In what follows, we will examine the consequences of including the clustering variable speaker as an additional variable into the model. We will therefore fit and compare two models, M1 and M2:

M1 does not include the clustering variable speaker
- formula: variant ~ age + gender + random_continuous + random_binary
M2 includes the clustering variable speaker
- formula: variant ~ age + gender + random_continuous + random_binary + speaker

For didactic purposes, we start by fitting a conditional inference tree to the full dataset using the function ctree() in the {party} package (Hothorn, Hornik, and Zeileis 2006). The resulting splitting scheme is shown in Figure 2. It includes three splits: three according to speaker, and one according to gender.
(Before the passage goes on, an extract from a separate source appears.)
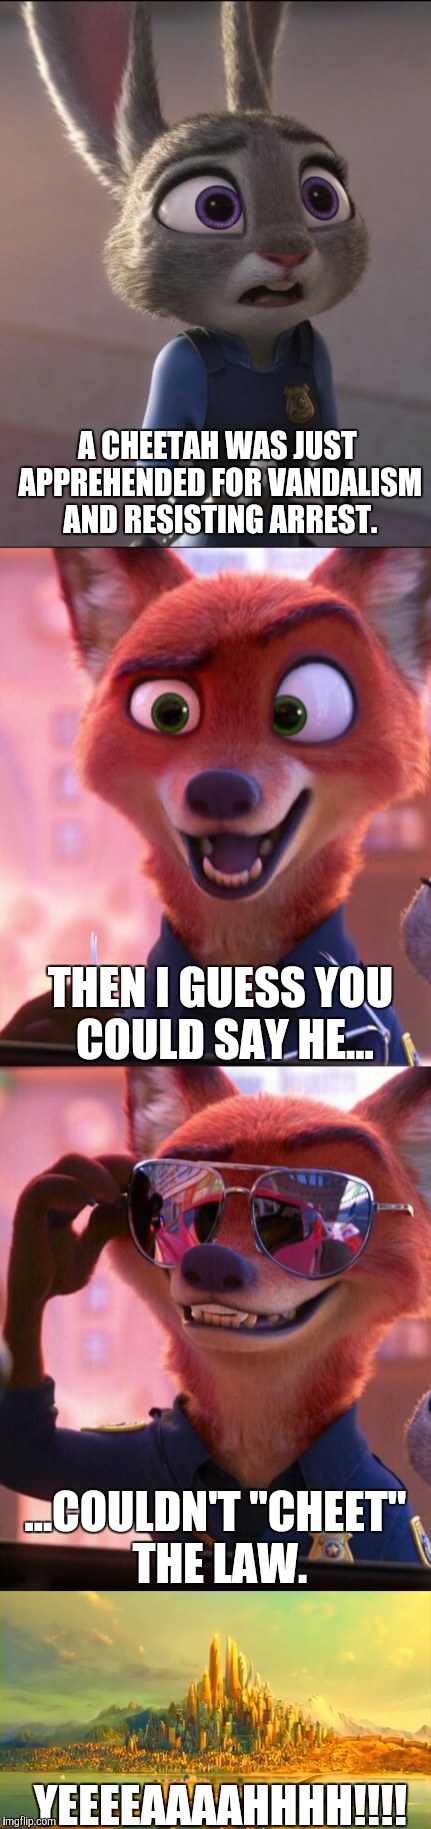 CSI: Zootopia 10 | A CHEETAH WAS JUST APPREHENDED FOR VANDALISM AND RESISTING ARREST. THEN I GUESS YOU COULD SAY HE... ...COULDN'T "CHEET" THE LAW. YEEEEAAAAHHHH!!!! | image tagged in zootopia,judy hopps,nick wilde,parody,funny,memes | made w/ Imgflip meme maker

Surprisingly, age doesn’t appear at all as a splitting variable, which should make us skeptical.

d_tree <- party::ctree(
  variant ~ age + gender +
    random_continuous + random_binary +
    speaker, 
  data = d)

plot(d_tree)

Figure 2: Conditional inference tree fit to the full dataset.
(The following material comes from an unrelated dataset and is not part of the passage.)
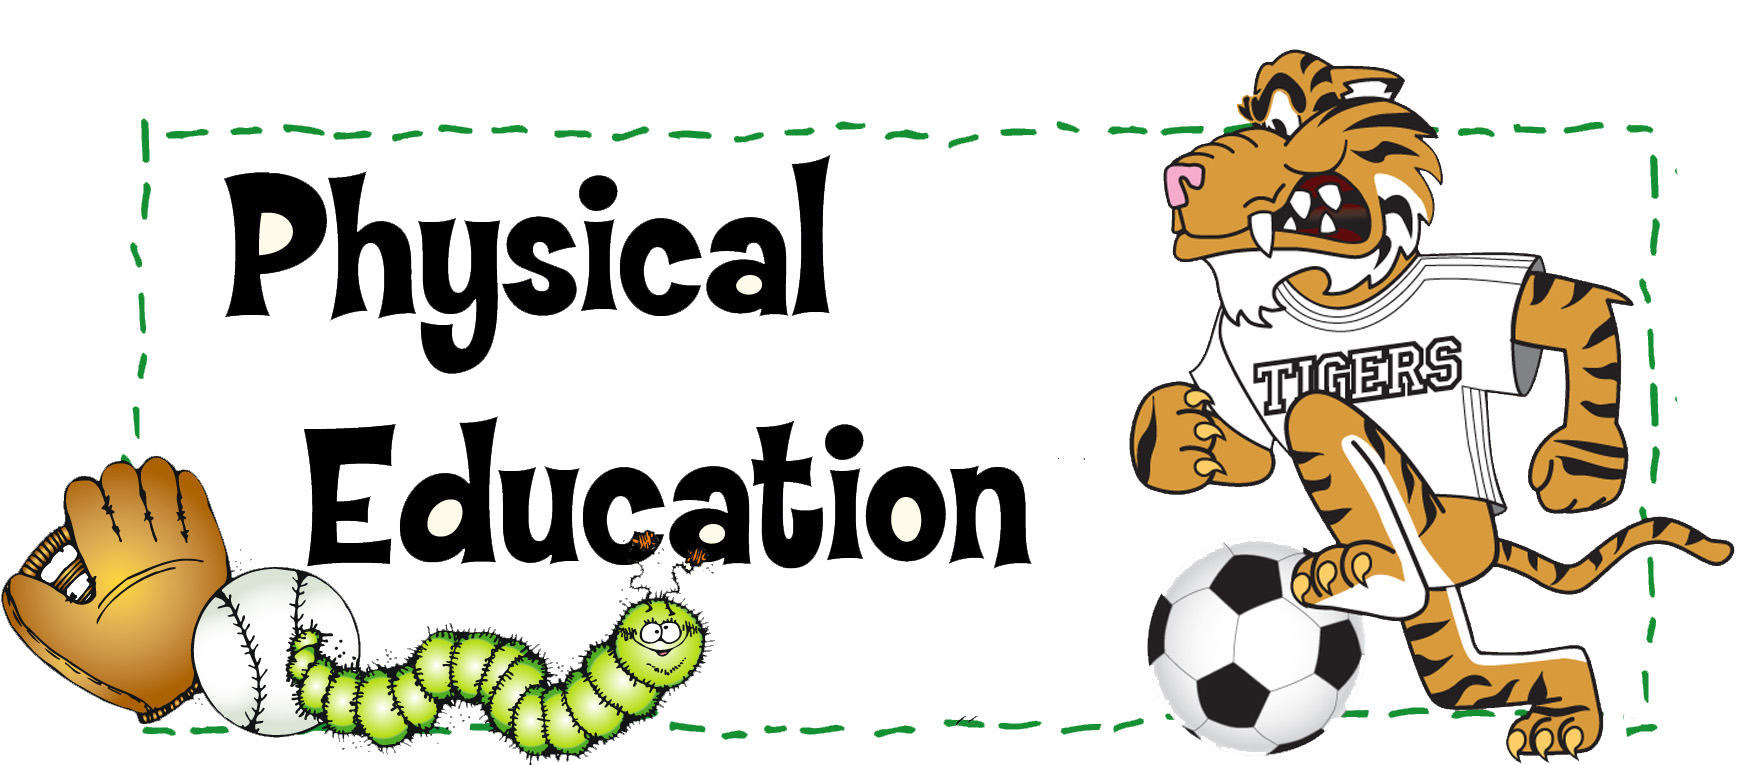 free clipart images physical education - photo #13

The next step is to fit two conditional random-forest models (M1 and M2) using the function cforest() in the {party} package (Hothorn, Hornik, and Zeileis 2006).

# M1
d_rf_1 <- party::cforest(
  variant ~ age + gender + 
    random_continuous + random_binary, 
  data = d,
  control = party::cforest_unbiased(
    mtry = 2, 
    ntree = 500))

# M2
d_rf_2 <- party::cforest(
  variant ~ 
    age + gender +
    random_continuous + random_binary + 
    speaker,  
  data = d,
  control = party::cforest_unbiased(
    mtry = 2, 
    ntree = 500))

Next, we compute conditional variable importance scores for each model, using the permimp package (Debeer, Hothorn, and Strobl 2025):

# M1
varimp_d_rf_1 <- permimp::permimp(
  d_rf_1,
  conditional = TRUE,
  progressBar = FALSE)$values

varimp_d_rf_1 <- as.data.frame(varimp_d_rf_1)
varimp_d_rf_1$variable <- rownames(varimp_d_rf_1)


# M2
varimp_d_rf_2 <- permimp::permimp(
  d_rf_2,
  conditional = TRUE,
  progressBar = FALSE)$values

varimp_d_rf_2 <- as.data.frame(varimp_d_rf_2)
varimp_d_rf_2$variable <- rownames(varimp_d_rf_2)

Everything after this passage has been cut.